- Catalan-language Spanish theatrical release poster
- Directed by: Andrés G. Schaer
- Written by: Albert Val; Amèlia Mora;
- Produced by: Julio Fernandez
- Starring: David Spade; Ariana Grande; Jennette McCurdy; Nathan Kress; Dallas Lovato; Keith David; Christopher Lloyd;
- Cinematography: Sergi Bartrolí
- Music by: Zacarías M. de la Riva
- Production company: Grindstone Entertainment Group
- Distributed by: Lionsgate Home Entertainment
- Release date: November 26, 2011;
- Running time: 89 minutes
- Country: Spain
- Language: Catalan

= Snowflake, the White Gorilla =

Snowflake, the White Gorilla (Floquet de Neu, Copito de Nieve) is a 2011 Spanish live action/animated adventure film directed by Andrés G. Schaer. The film depicts the fictional childhood of the white gorilla Snowflake.

An English dub with an unknown cast was released. In United States, the film was released on with another English dub of the film that stars David Spade, Ariana Grande, Jennette McCurdy, Nathan Kress, Dallas Lovato, Keith David, and Christopher Lloyd. It was produced by Grindstone Entertainment Group and distributed by Lionsgate Home Entertainment. The original Spanish version of the film portrays Snowflake as a male gorilla, while the English dub makes the character a female gorilla.

==Cast==
===Spanish cast===
- Kai Stroink as Snowflake
- Manel Fuentes as Ailur
- Claudia Abate as Wendy
- Constantino Romero as Anvil
- Pere Ponce as Dr. Archibald Pepper
- Elsa Pataky as Bruhmilda the Witch

=== English dub cast ===

- Benjamin Nathan-Serio as Ailur

===American English dub cast===
- Ariana Grande as Snowflake
- David Spade as Ailur
- Jennette McCurdy as Petunia
- Nathan Kress as Elvis
- Dallas Lovato as Wendy
  - Eva Bella as Young Wendy
- Keith David as Anvil
- April Winchell as Wendy's Mom
- Christopher Lloyd as Dr. Archibald Pepper
- Diane Michelle as Bruhmilda the Witch
- Vanessa Marshall as Female Newscaster

==Music==
The original score of Snowflake is composed by Zacarías M. and De la Riva. The American version features two songs, "One In A Million Girl" and "Avalanche" performed by Dallas Lovato and composed by Stephane Deriau-Reine (Stephan DeReine) and Mychal Simka.

==Reception==
University of Chicago professor Elizabeth Tavella writes in an article on media representations of the original gorilla that the film presents an "overt representation of racialized tropes" including "problematic representations of reverse discrimination". One such trope is the "notion of Blackness arising from dirt", expressed when Snowflake tries to darken his fur with mud to be accepted as a "Black" gorilla by other gorillas at the zoo. Tavella further notes that in the English dubbing, "directorial choices have a drastic impact on gender and racial dynamics", with Snowflake being portrayed as a female gorilla and voiced by a white female actress, and the primary protagonist gorilla being voiced by a Black male, which "reinforces the correlation between sexism and racism".
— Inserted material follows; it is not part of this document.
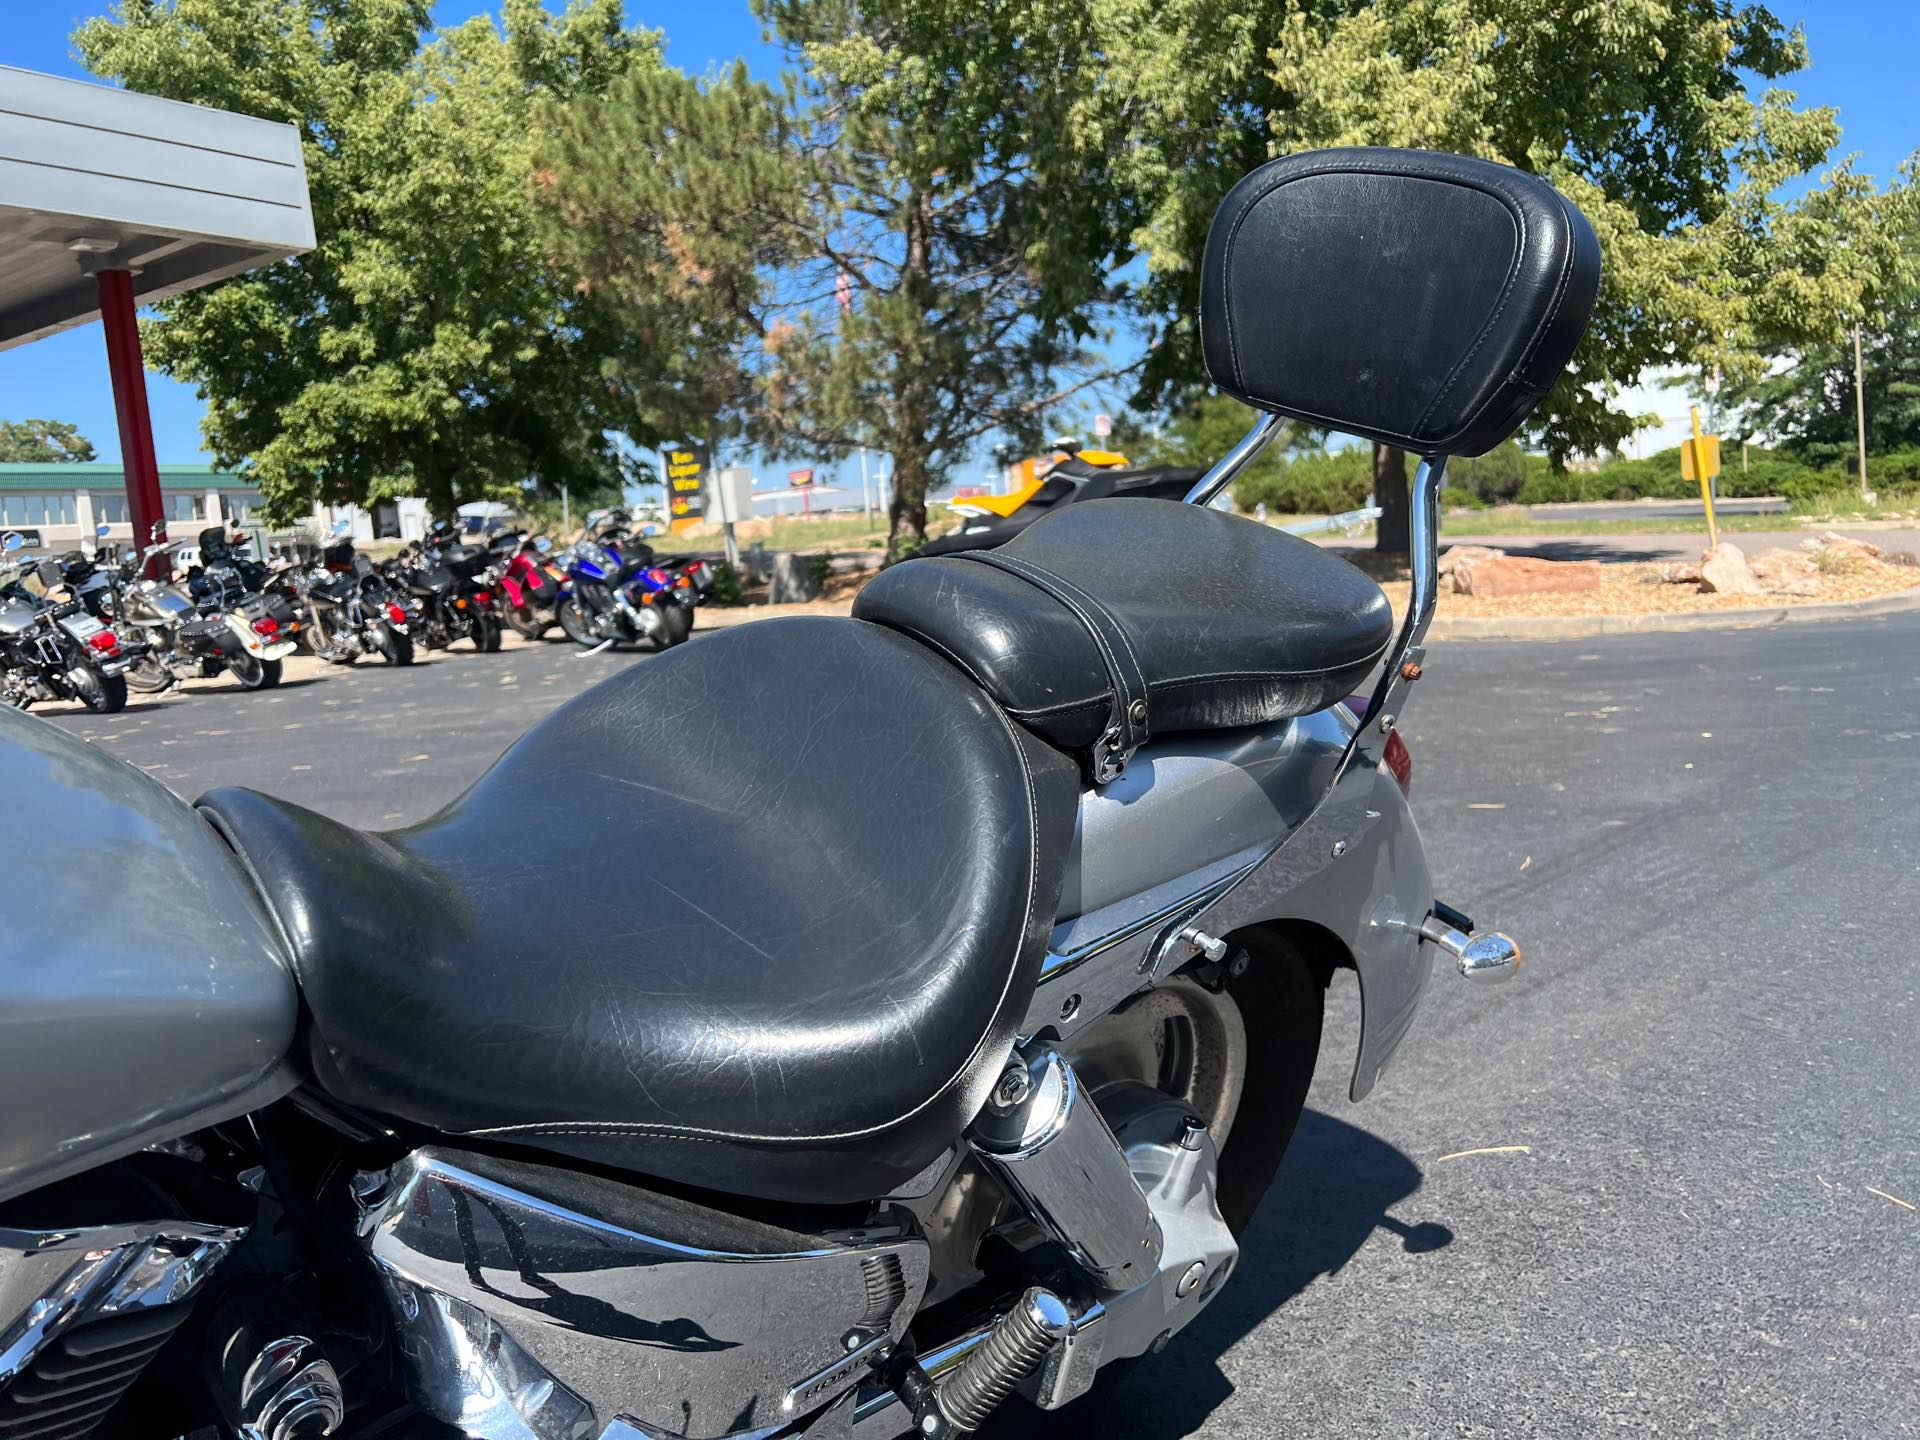 2006 Honda VTX 1300 R at Aces Motorcycles - Fort Collins

More succinctly, The Guardian featured the poster for the film in a sardonic gallery about the Cannes Film Festival Marché du Film, stating that there was "something just slightly uncomfortable about this one".

The film received a generally positive review from Cinefilos in Italy, for which the reviewer described it as "an adventure on the road through the streets of a very sunny Barcelona of the 60s mixed with the search for oneself", and found the story to be "linear and simple like the wishes of the little gorilla cub". The review did note that the primary human antagonist of the film was "a too-soft version of Disney's Cruella de Vil". Spanish reviewer Videodromo describes the movie as entertaining for children, though stating that "the overall quality of the product is not exceptional", with the integration of animated characters into a live-action environment falling short of expectations. The review further suggests that children should only see it once, when they are young, because revisiting it at a later age will make them more likely to notice "poorly polished special effects or those laughable dialogues".